Actually I find this page a bit unclear
https://travel.gc.ca/travelling/documents/dual-citizenship
Exception: If you are an American-Canadian dual citizen with a valid U.S. passport, you don’t need a Canadian passport to fly to Canada. However, you still need to
carry proper identification and meet the
basic requirements to enter Canada.
The link regarding "proper identification" is
https://www.cbsa-asfc.gc.ca/travel-voyage/td-dv-eng.html
and says If you do not have a passport, and are returning to Canada, the following documents can denote identity and citizenship:
Certificate of Canadian citizenship (issued from 1954 to present)
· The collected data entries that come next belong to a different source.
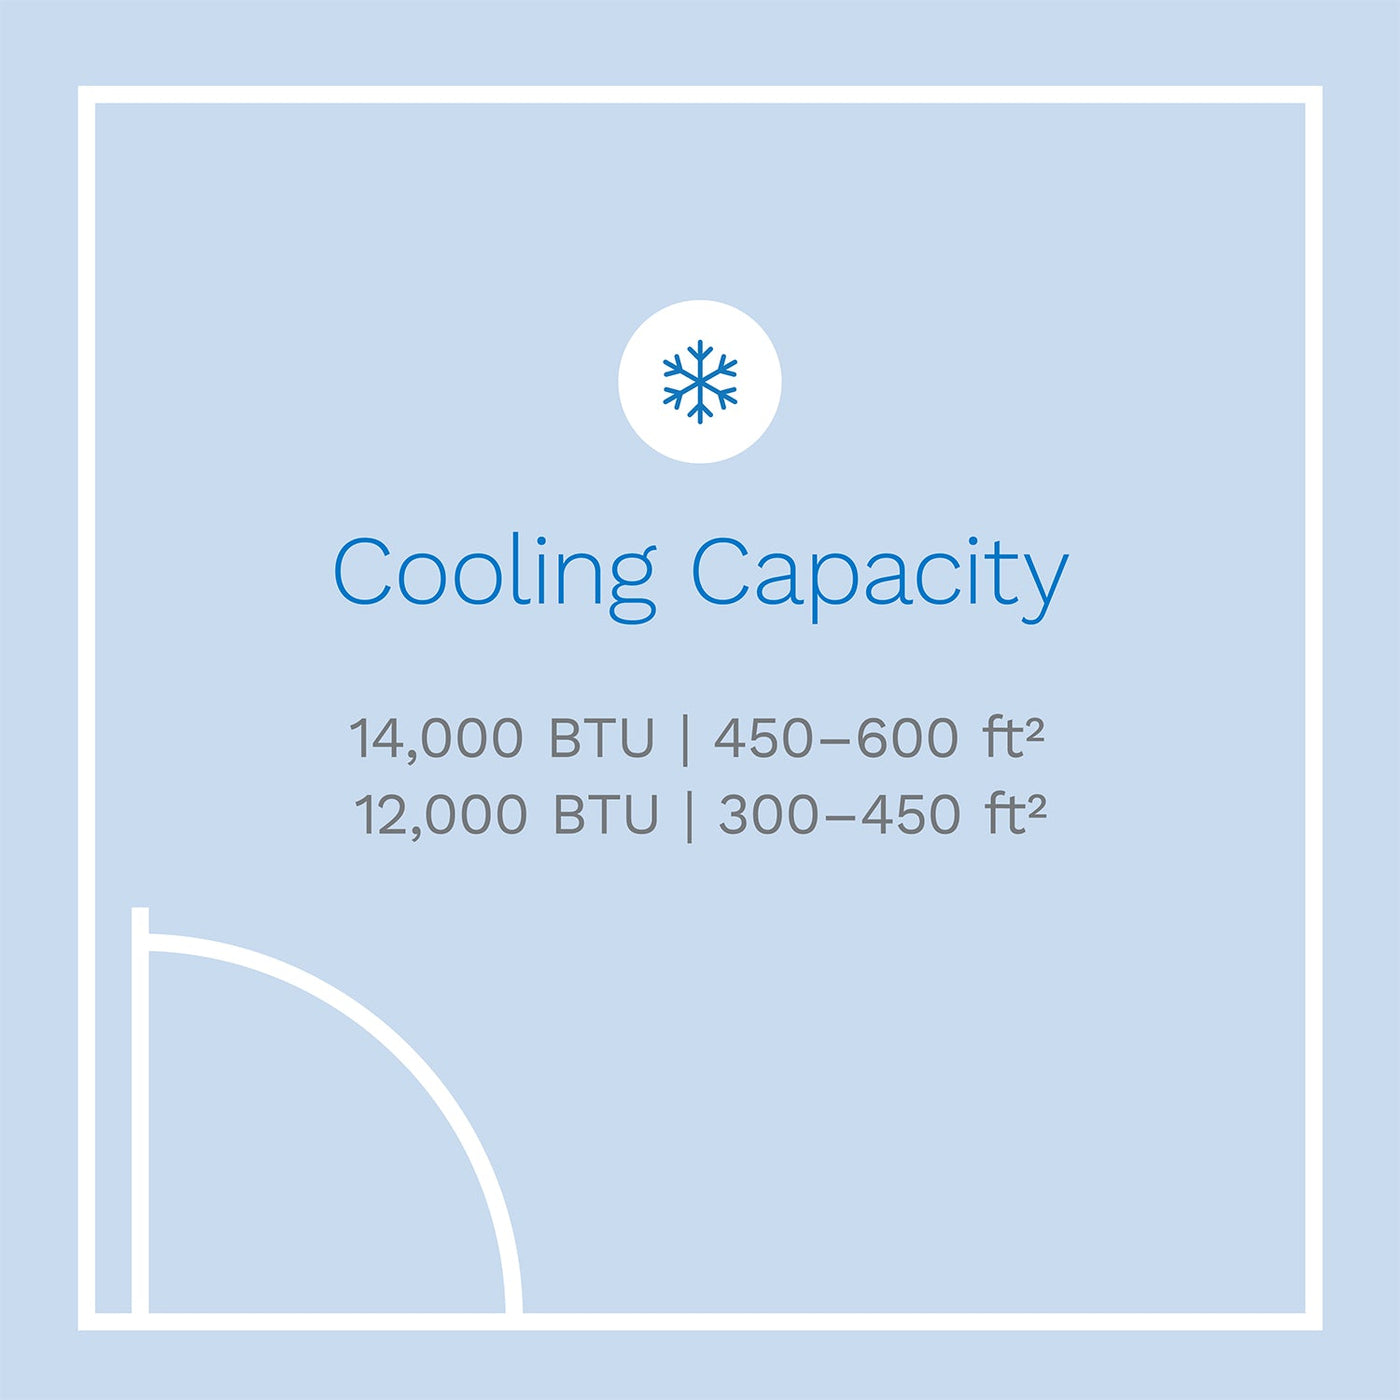 hOmeLabs | 14000 BTU Portable Air Conditioner (new CEC 10000 BTU)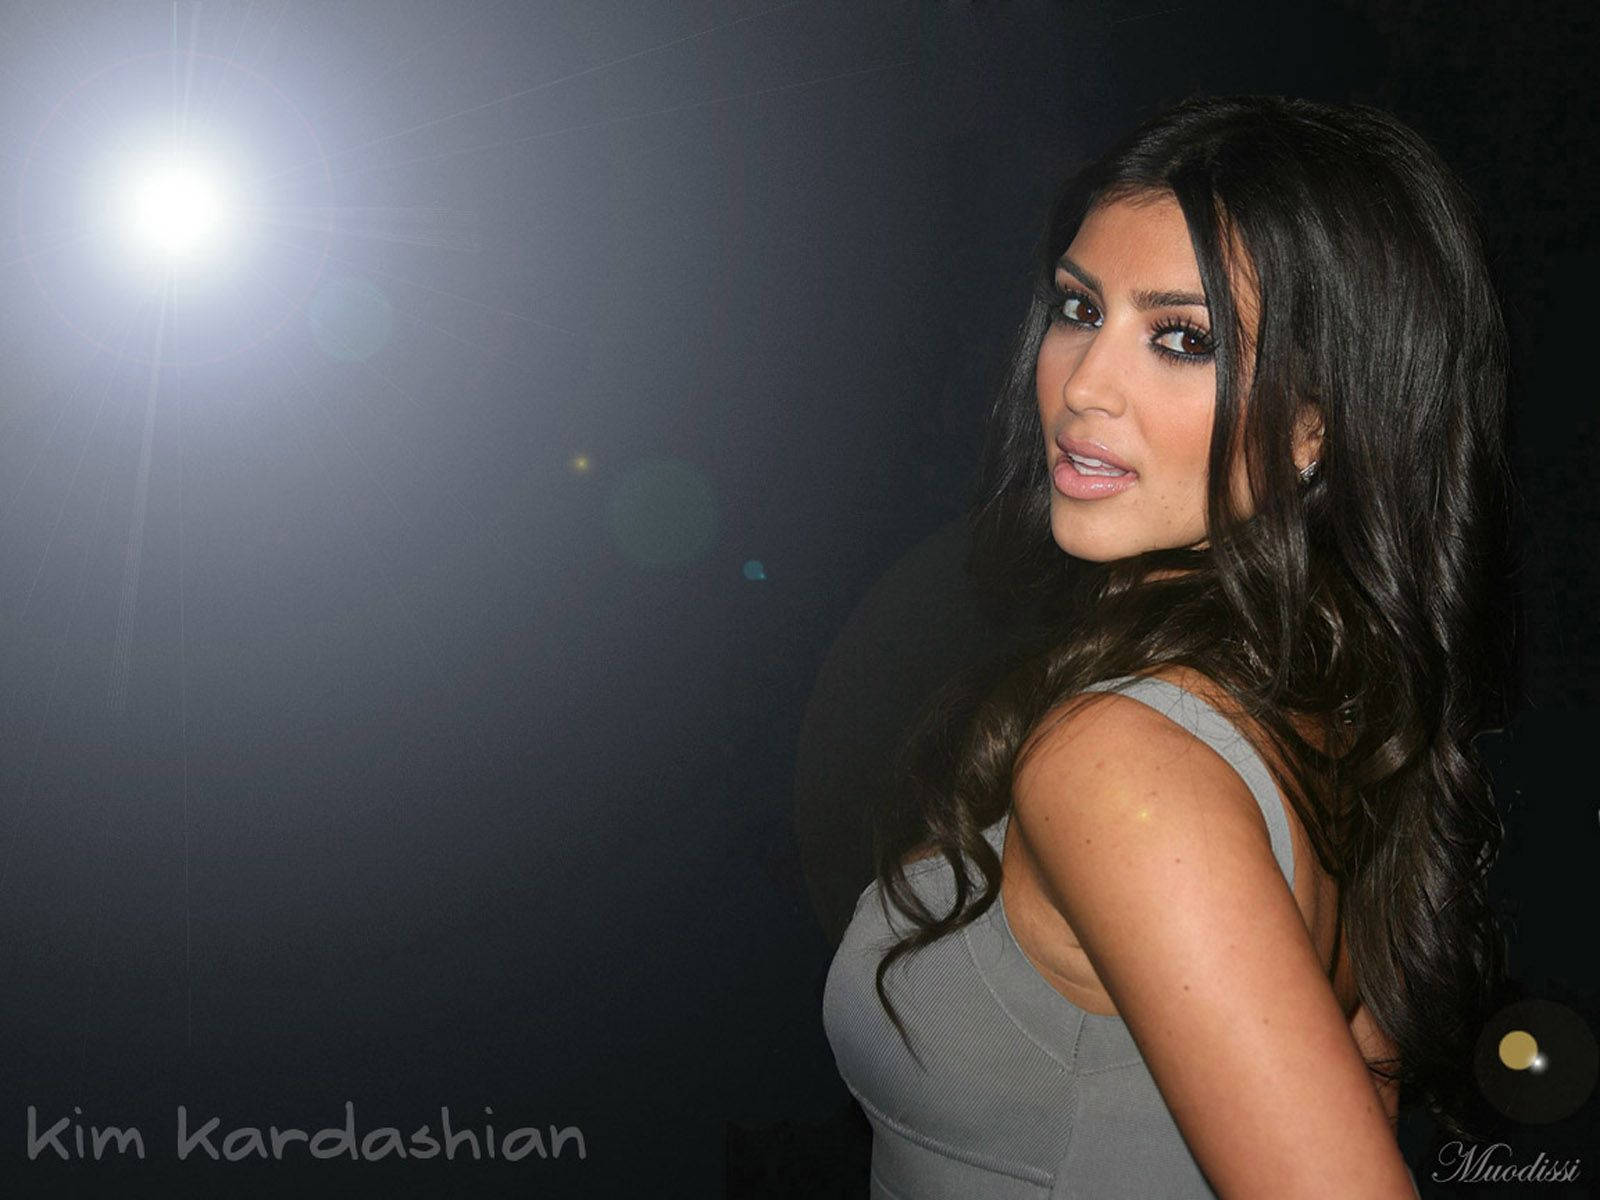 Young Kim Kardashian Portrait Wallpaper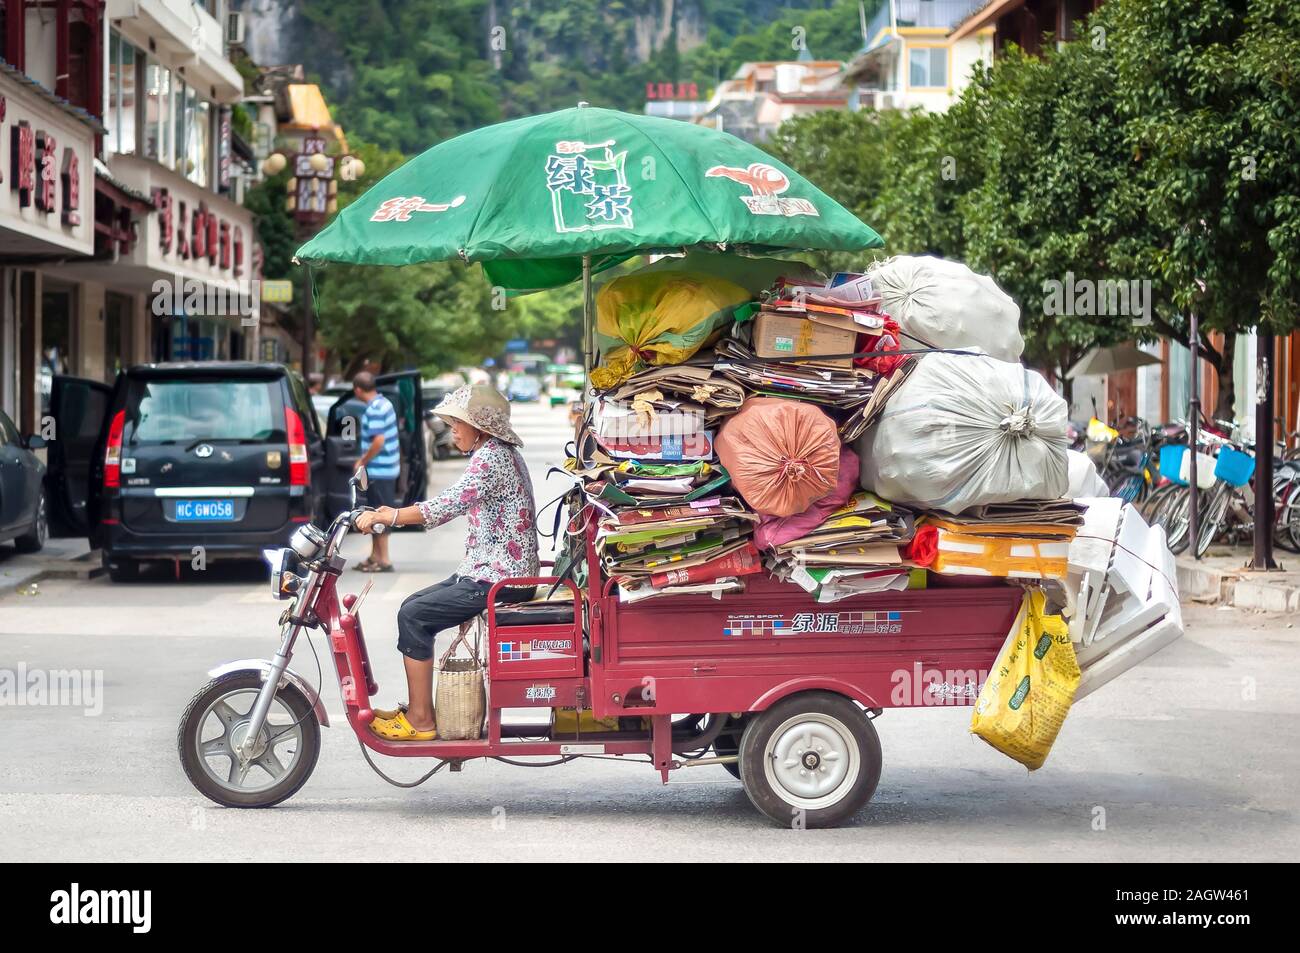 Hangzhou, Chine - 19 août 10, 2013 - Petit camion surchargé de sacs et cartons de bouteilles de plastique dans le sud-ouest de la ville de Yangshuo, Chine Banque D'Images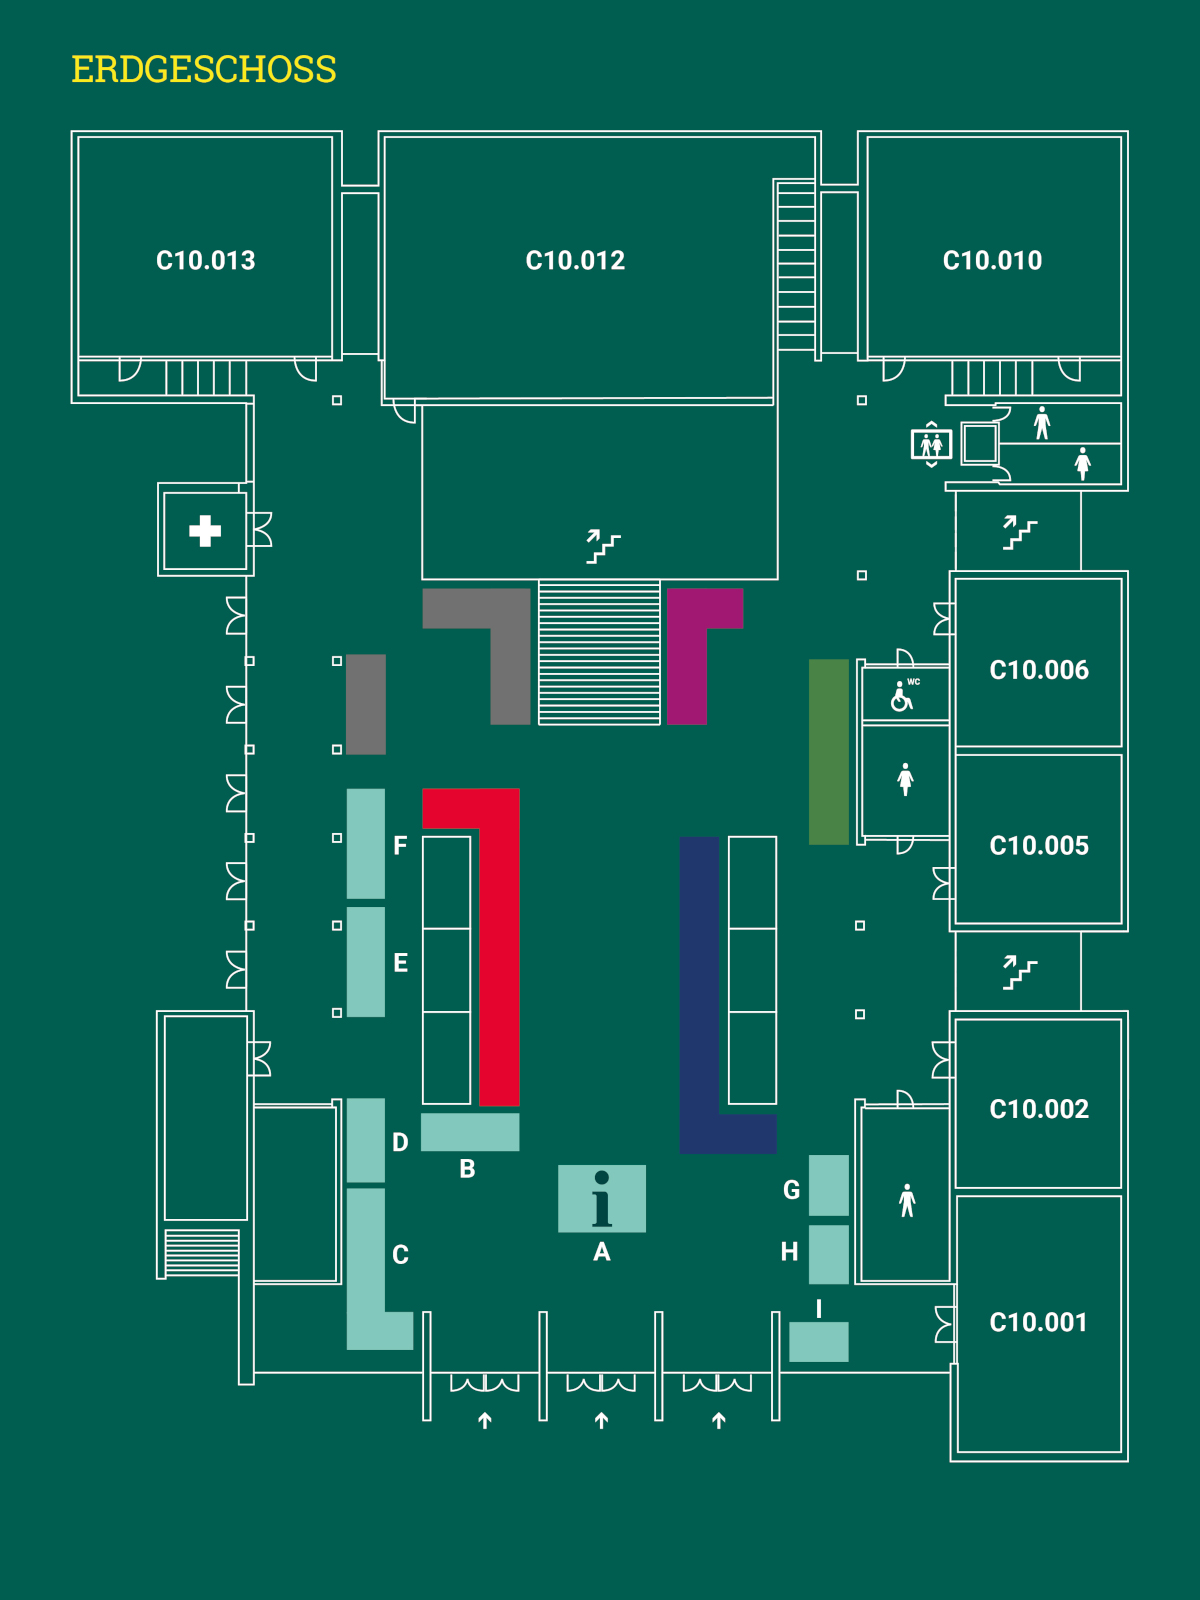 Eine 2D-Karte des Erdgeschoss des Veranstaltungsgebäude zum Tag der offenen Tür in der Reichenhainer Straße 90 mit Lage der Vortragsräume C10.001 bis C10.013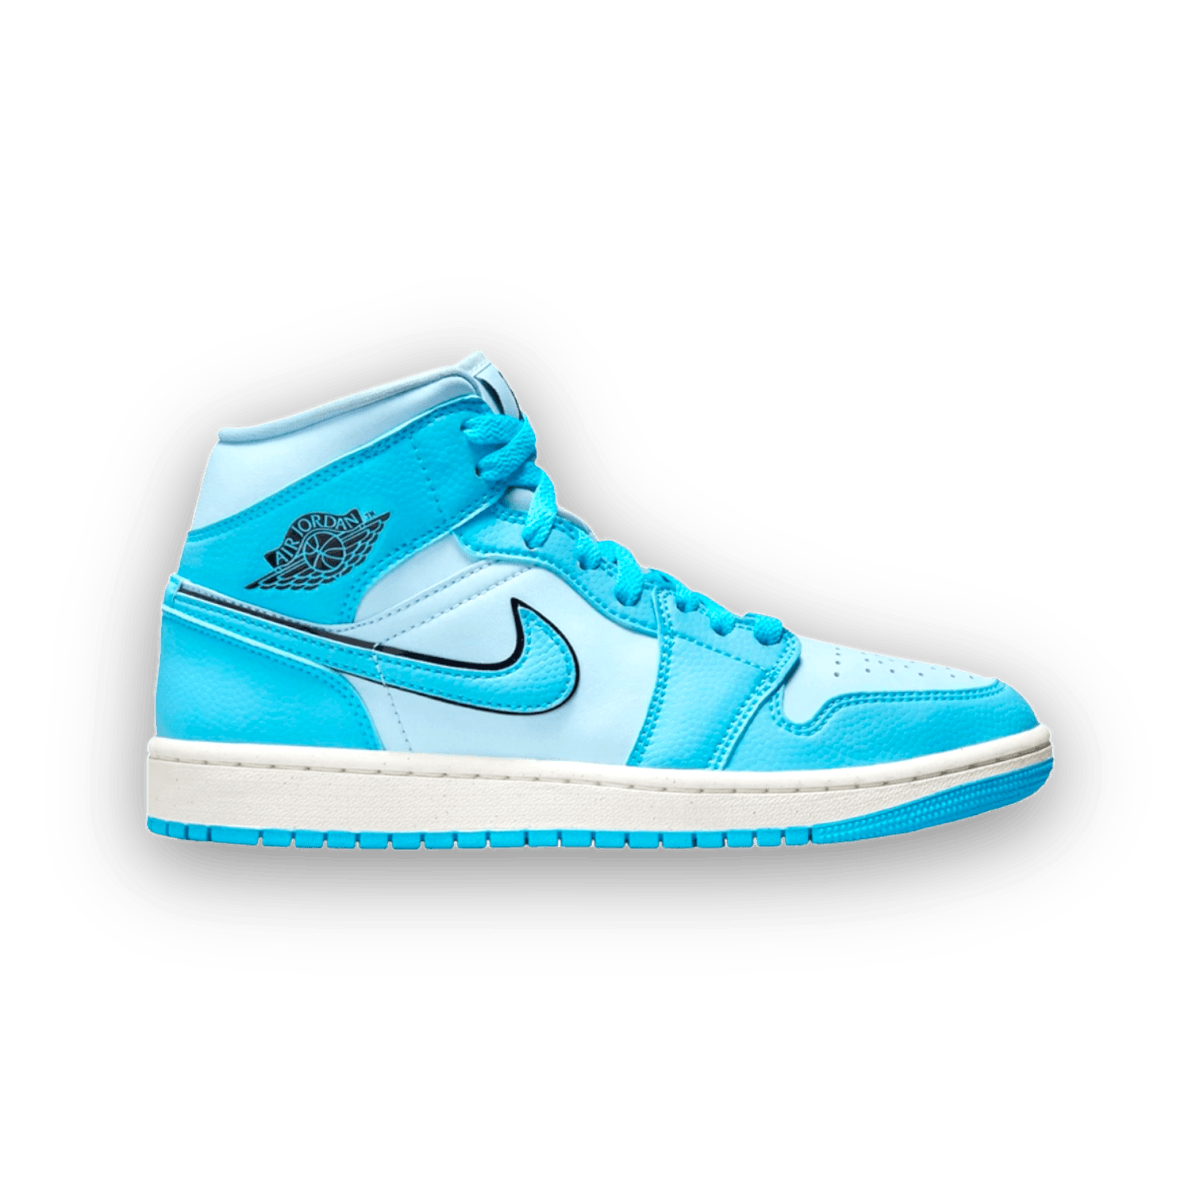 Jordan 1 Mid Ice Blue - Women - Mid Sneaker - Jawns on Fire Sneakers & Streetwear

doesn't say that a copy of the certificate (rather than the original) is enough, so I was reading it as needing to carry the original certificate.
Look, it's pretty simple: the government REALLY doesn't want Canadians travelling without the "approved" Canadian citizen travel document, called a passport. So they're never going to say "hey just roll up to the border with what you got on you, we'll probably figure it out."
But that does not mean it won't happen that way.
As I said, the law is quite unambiguous: they SHALL admit Canadian citizens. If you can convince them you are, they'll admit you.
But as you mentioned, they do have databases at the border, and it seems they actually can pull up our information pretty quickly, so it does make sense that even a copy of the citizenship certificate should be fine. I actually had to travel back to the US by bus shortly after I landed as a PR and before receiving my PR card. When coming back to Canada, they already knew that I was a PR and said that they did not even need to see my COPR, even though normally they say that a PR returning to Canada at a land border without a PR card should show COPR.
And as I've been saying, in practice, they won't say in advance they will accept this, but if your docs are good, your case plausible, and they know you-are-you and can find you in the database, you will be admitted.
Also for US citizens they'd be let in anyway.
(Okay stuff happens it is possible something happens. But that's true with a passport as well).
Now note: I'd still STRONGLY recommend eveyrone travel with their Canadian passport. If you happen to arrive at a border when there's some terrorism scare or some other issue (computers down?), you might waste more time than you'd bargained for.
But those are long-tail possibilities, and if you can't travel with Cdn passport, well,s ee above, I've said my peace.